To get started with Karpenter in AWS, you need a Kubernetes cluster. We will be using an EKS cluster throughout this blog post. To provision an Amazon Elastic Kubernetes Service (Amazon EKS) cluster and install Karpenter, please follow the getting started docs from the Karpenter documentation.

Karpenter’s single responsibility is to provision compute for your Kubernetes clusters, which is configured by a custom resource called Provisioner. Currently, when a pod is newly created, kube-scheduler is responsible for finding the best feasible node so that kubelet can run it. If none of the scheduling criteria are met, the pod stays in a pending state and remains unscheduled. Karpenter relies on the kube-scheduler and waits for unscheduled events and then provisions new node(s) to accommodate the pod(s). The following code snippet shows an example of Spot Provisioner configuration specifying instance types, Availability Zones, and capacity type.

apiVersion: karpenter.sh/v1alpha5
kind: Provisioner
metadata:
  name: spot-fleet
spec:
  requirements:
    - key: "node.kubernetes.io/instance-type" 
      operator: In
      values: ["m5.large", "m5.2xlarge"]
    - key: "topology.kubernetes.io/zone" 
      operator: In
      values: ["ap-southeast-1a", "ap-southeast-1b", "ap-southeast-1c"]
    - key: "karpenter.sh/capacity-type" # Defaults to on-demand
      operator: In
      values: ["spot"] # ["spot", "on-demand"]
  provider:
    subnetSelector:
      karpenter.sh/discovery: ${CLUSTER_NAME}
  ttlSecondsUntilExpired: 2592000
  ttlSecondsAfterEmpty: 30           

The constraints ttlSecondsUntilExpired defines the node expiry so a newer node will be provisioned, and ttlSecondsAfterEmpty defines when to delete a node since the last workload stops running. (Note: DaemonSets are not taken into account.)

Node selection

Karpenter default settings should satisfy for most types of workloads when acquiring capacity.

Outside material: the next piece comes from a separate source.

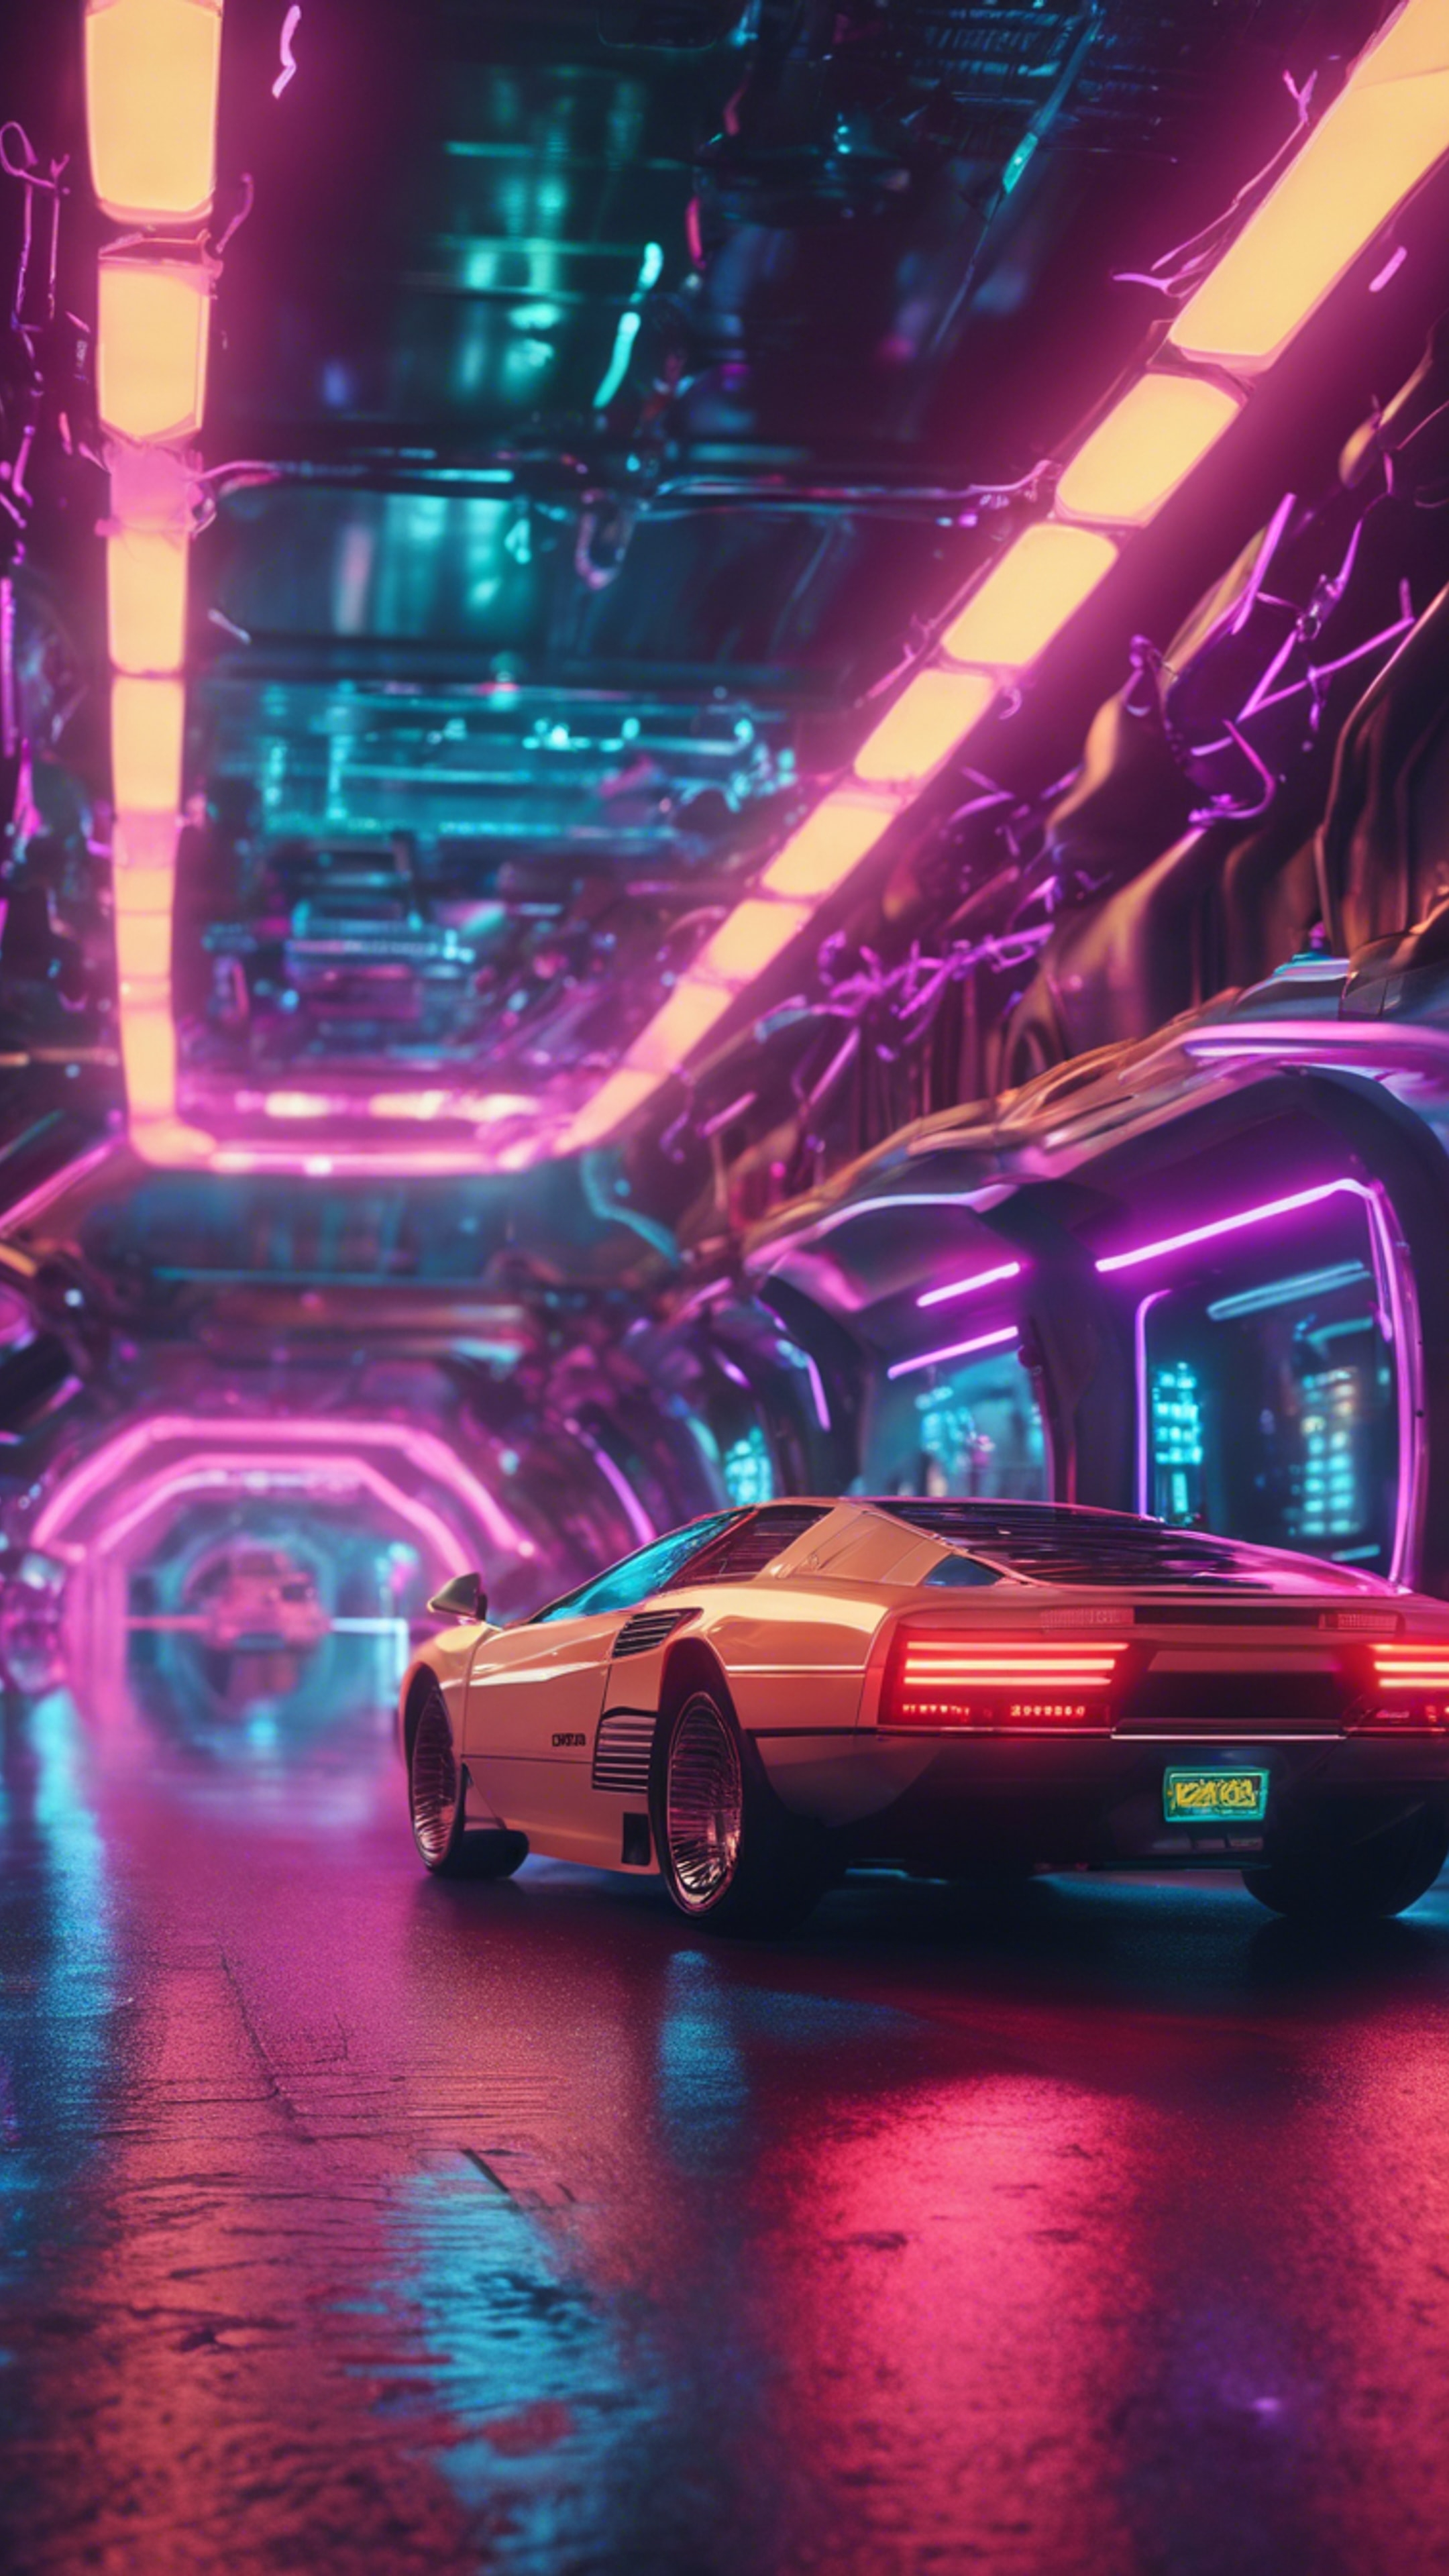 A Cyber-Y2K style chase scene with hover cars speeding through neon-lit tunnels. Валлпапер[a7b24e631c154bdda129]

It uses an approximation between lowest-price and capacity-optimized allocation strategy when selecting a node for provisioning. In most cases, we don’t have to specify the instance type in the Provisioner unless you have specific constraints for your workloads.

When you choose an instance type, it does not have to be similarly sized, as Karpenter automatically selects the best instance type for unscheduled pod(s). There are a couple of ways to provide Karpenter a better chance to acquire capacity when you specify your own instance types.

One handy tool to get a list of instance types based on vCPU and memory is amazon-ec2 instance-selector CLI. It takes input parameters such as memory, vCPU, architecture, and Region to provide the list of EC2 instances that satisfy the constraints.

$ ec2-instance-selector --memory 4 --vcpus 2 --cpu-architecture x86_64 -r ap-southeast-1
c5.large
c5a.large
c5ad.large
c5d.large
c6i.large
t2.medium
t3.medium
t3a.medium

Secondly, provision the instances across multiple Availability Zones to further increase the number of Spot Instance pools.

It is recommended to use a wide range of instance types to acquire the compute capacity for your cluster and, as a general rule, to not mix burstable and non-burstable instances in the same Provisioner. For example, t3 instances do not support pod security groups, so mixing t3 and m5 instance types will cause unpredictable issues when pod security group is enabled.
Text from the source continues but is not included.